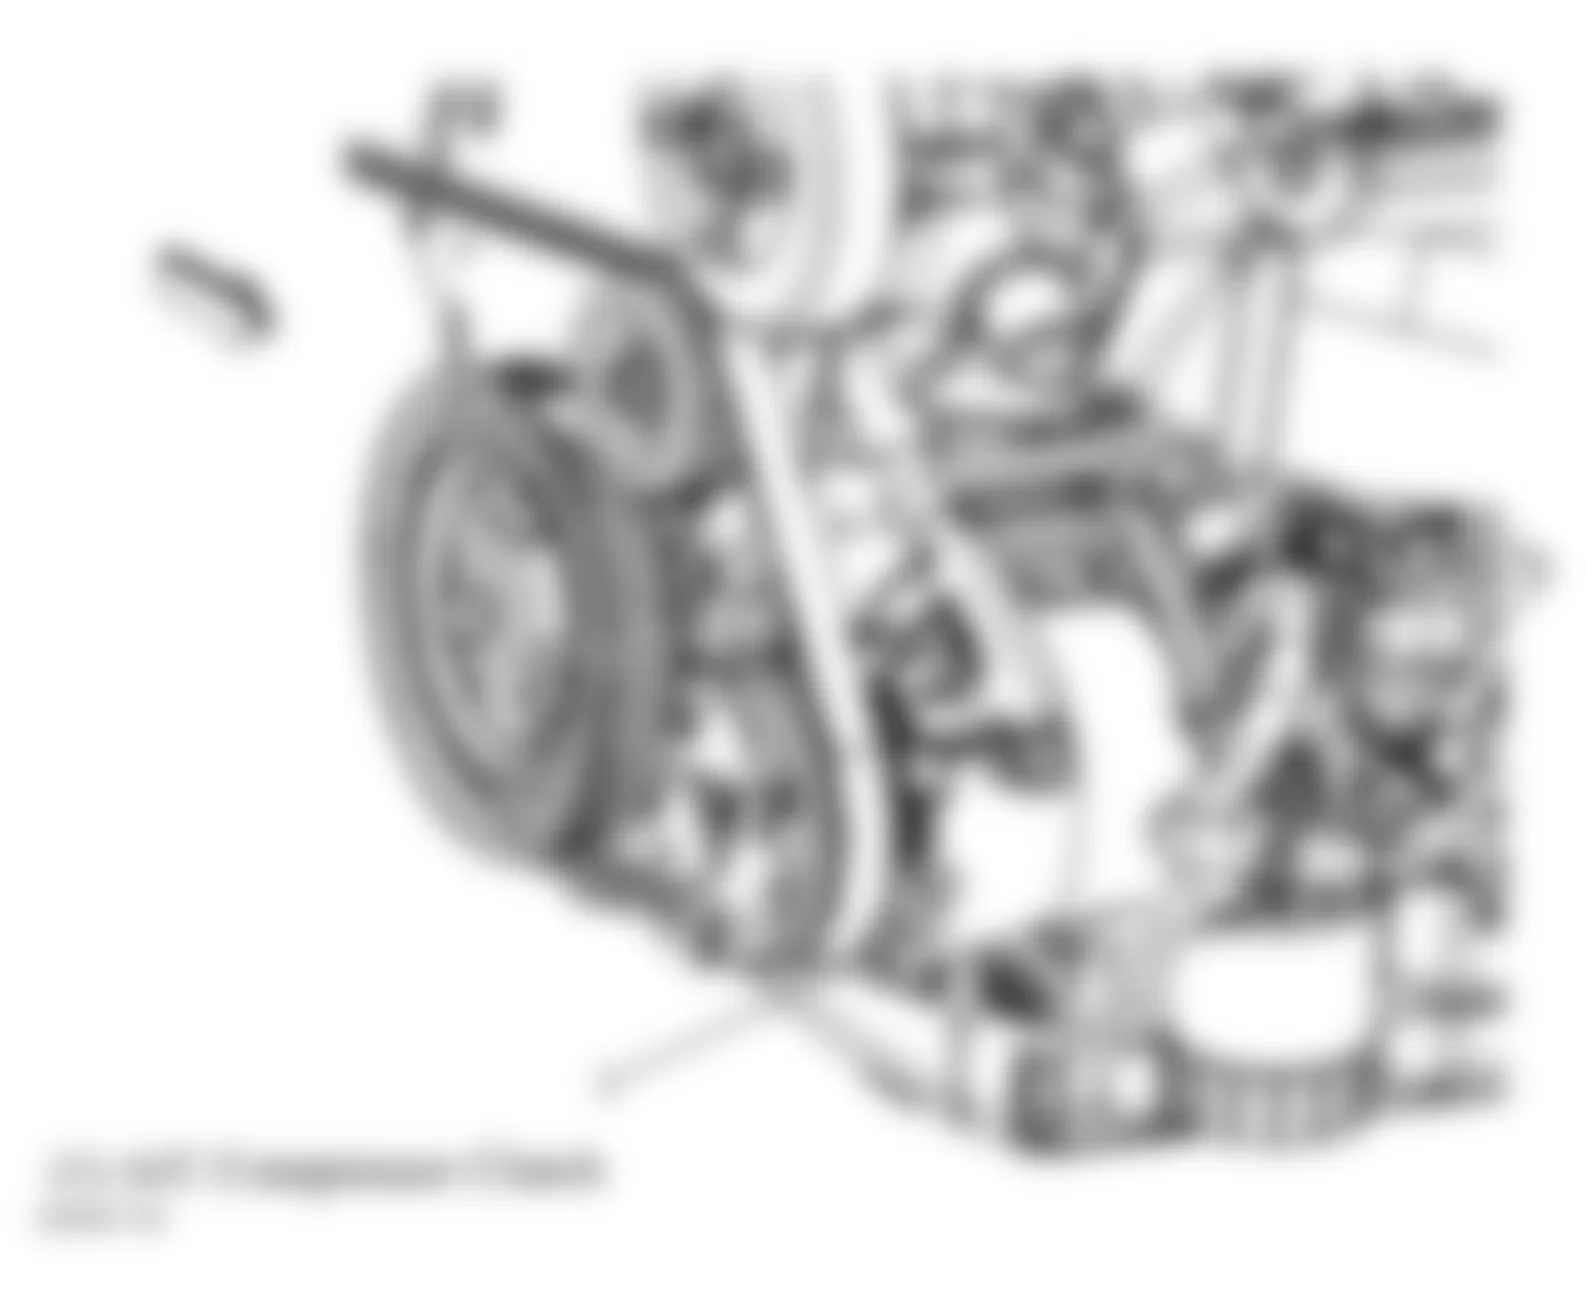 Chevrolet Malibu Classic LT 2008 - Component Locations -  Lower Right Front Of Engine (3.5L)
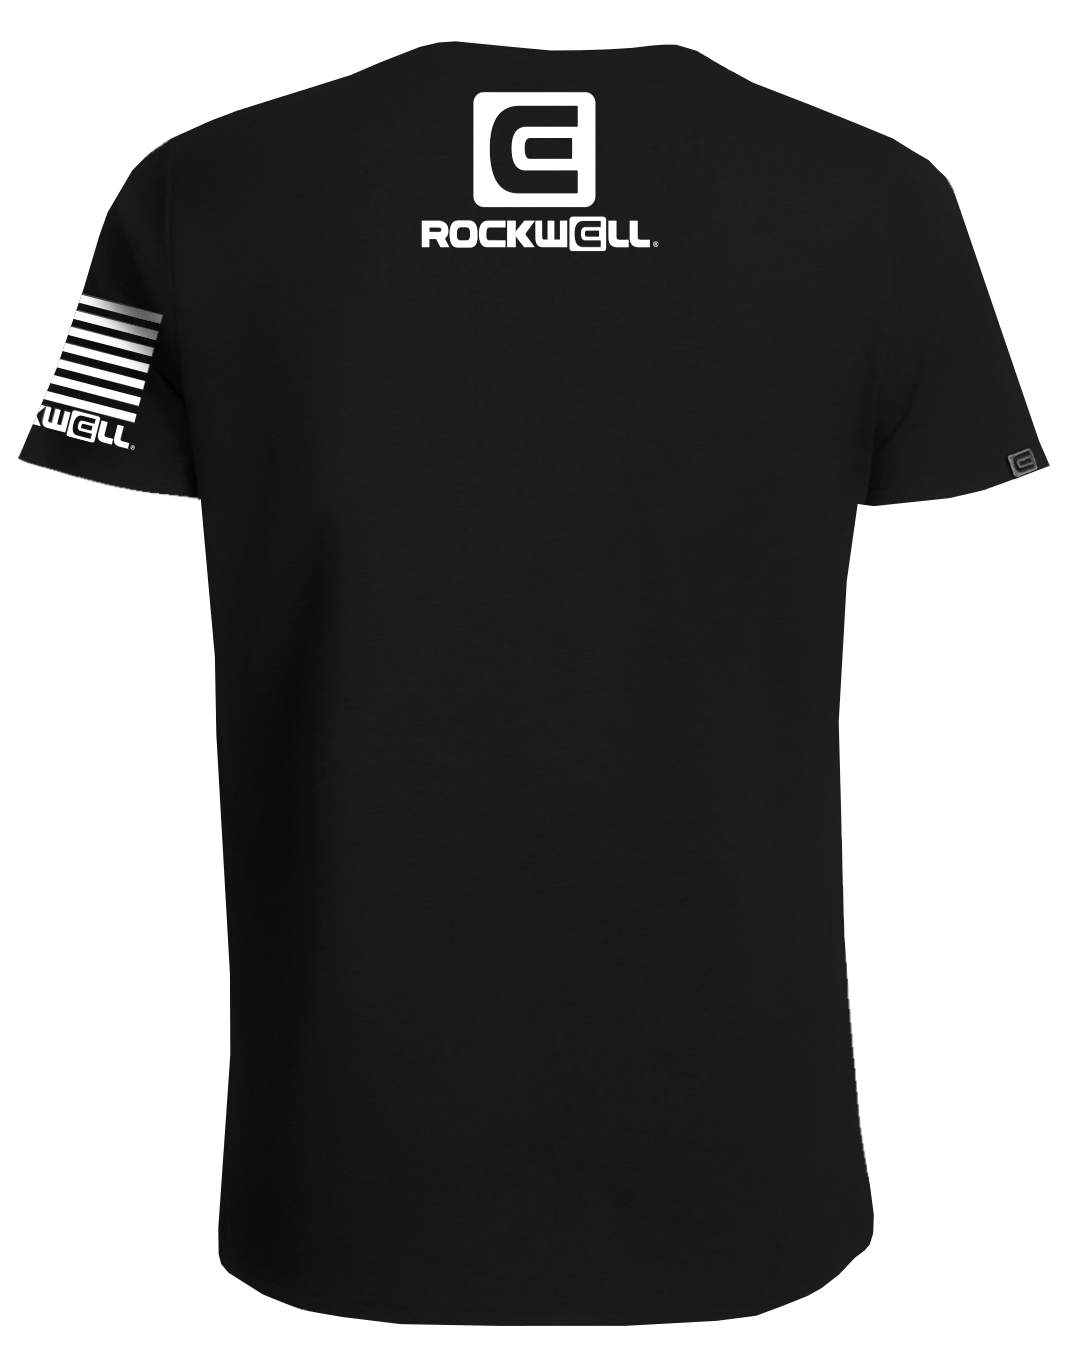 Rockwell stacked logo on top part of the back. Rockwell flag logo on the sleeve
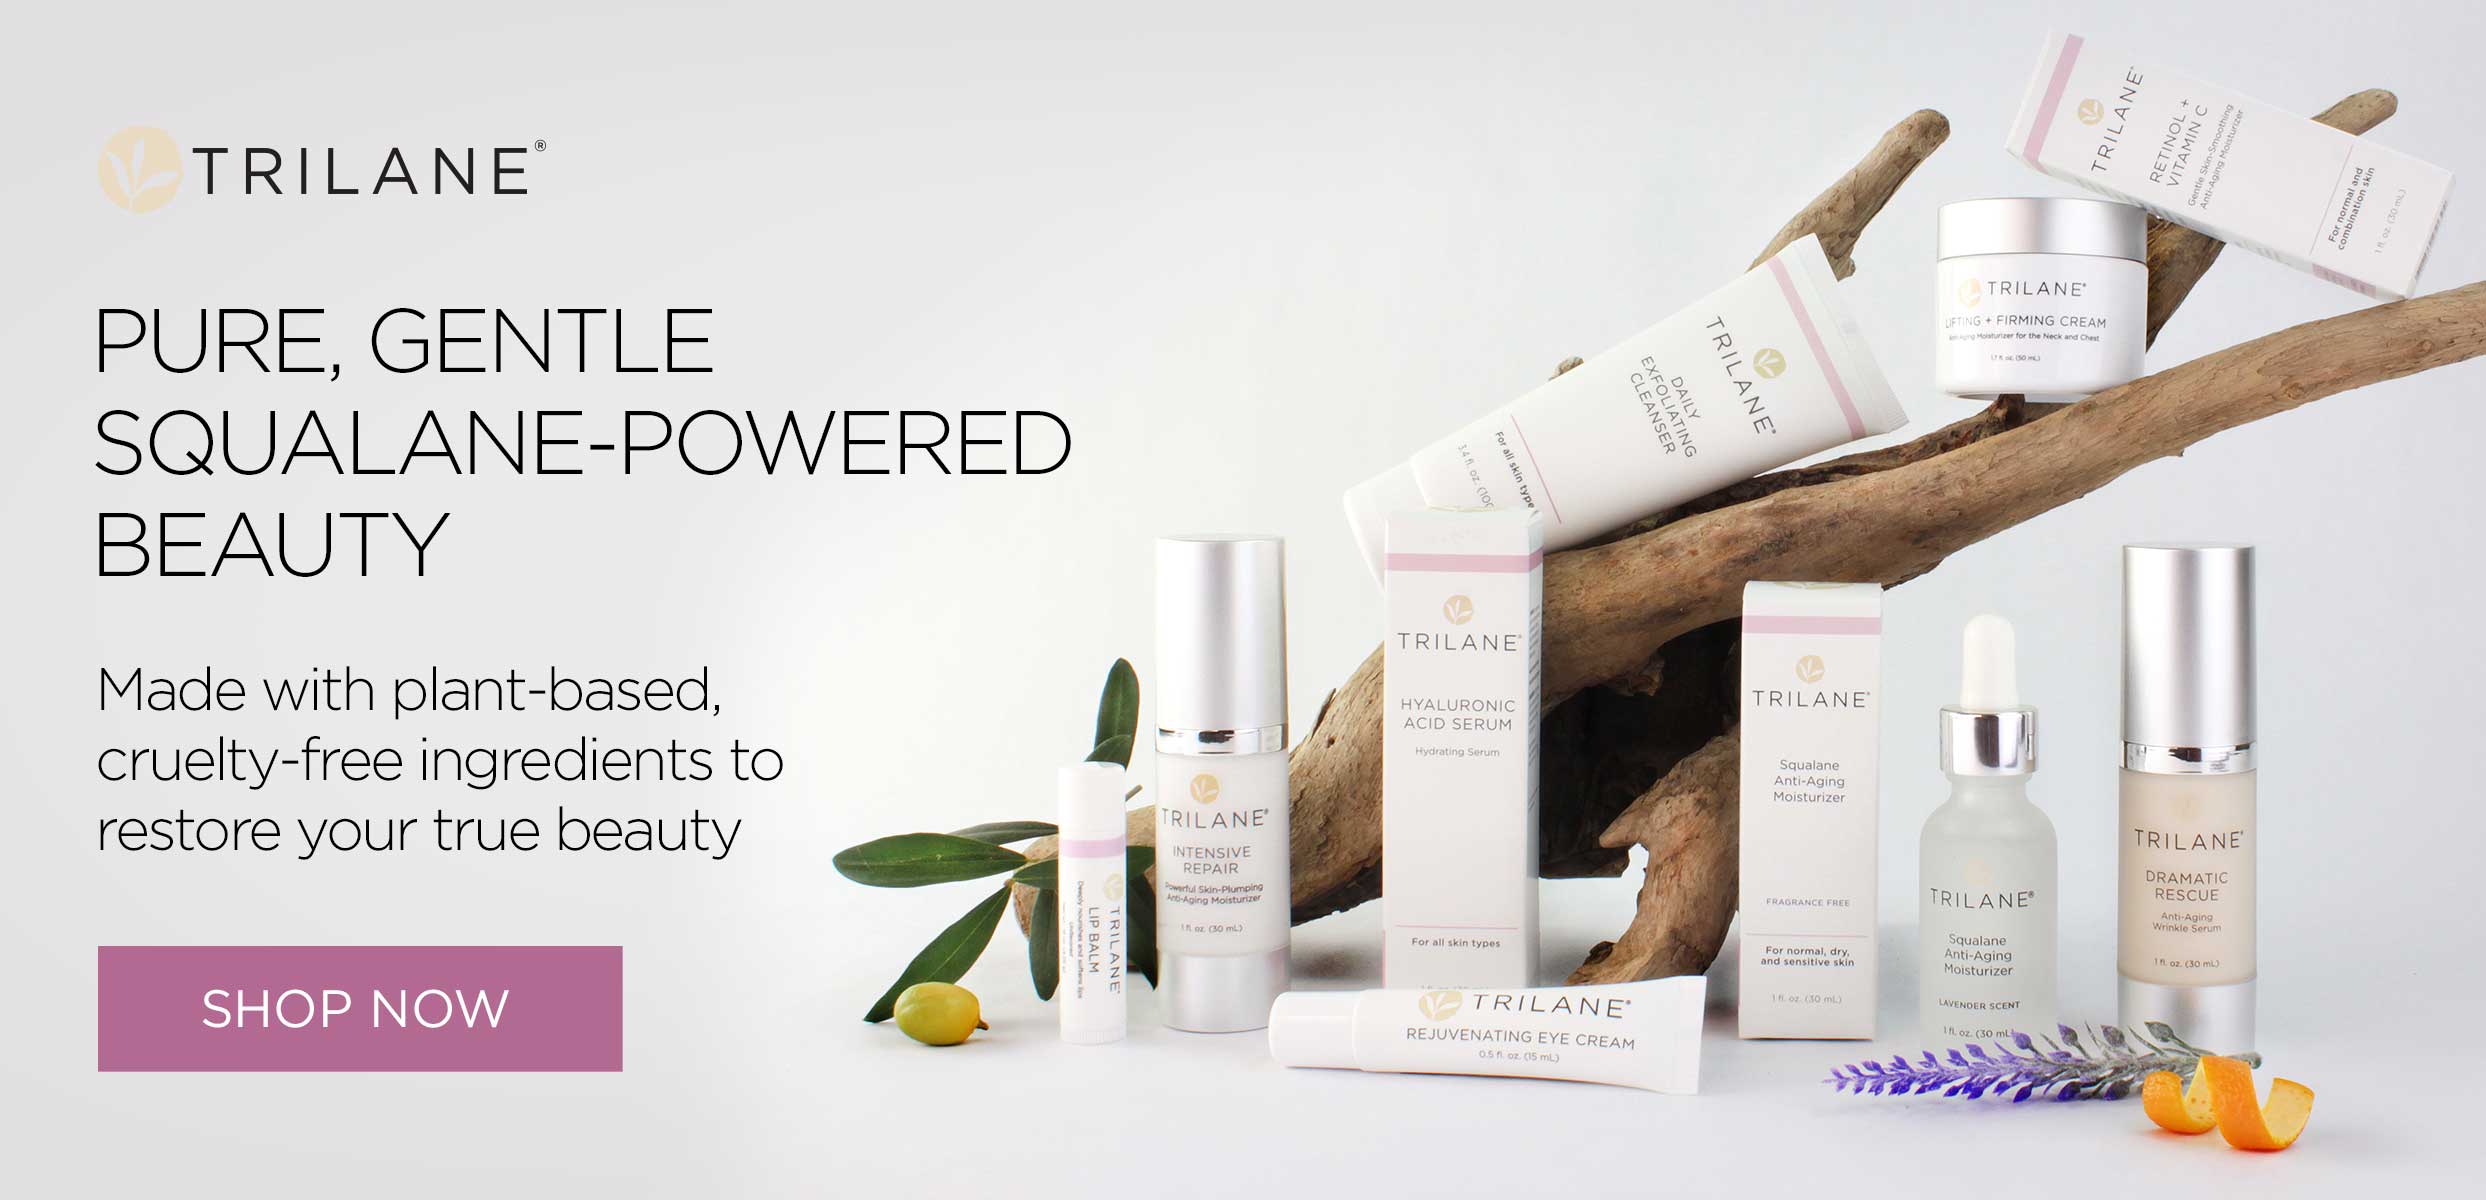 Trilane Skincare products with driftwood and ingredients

Problem statement: The answer must repeat every line of the listing exactly and leave the pictures out.

Your response:
 Chevrolet Malibu Classic LT 2008 - Component Locations -  Lower Right Front Of Engine (3.5L)
 Rockwell stacked logo on top part of the back. Rockwell flag logo on the sleeve
 Trilane Skincare products with driftwood and ingredients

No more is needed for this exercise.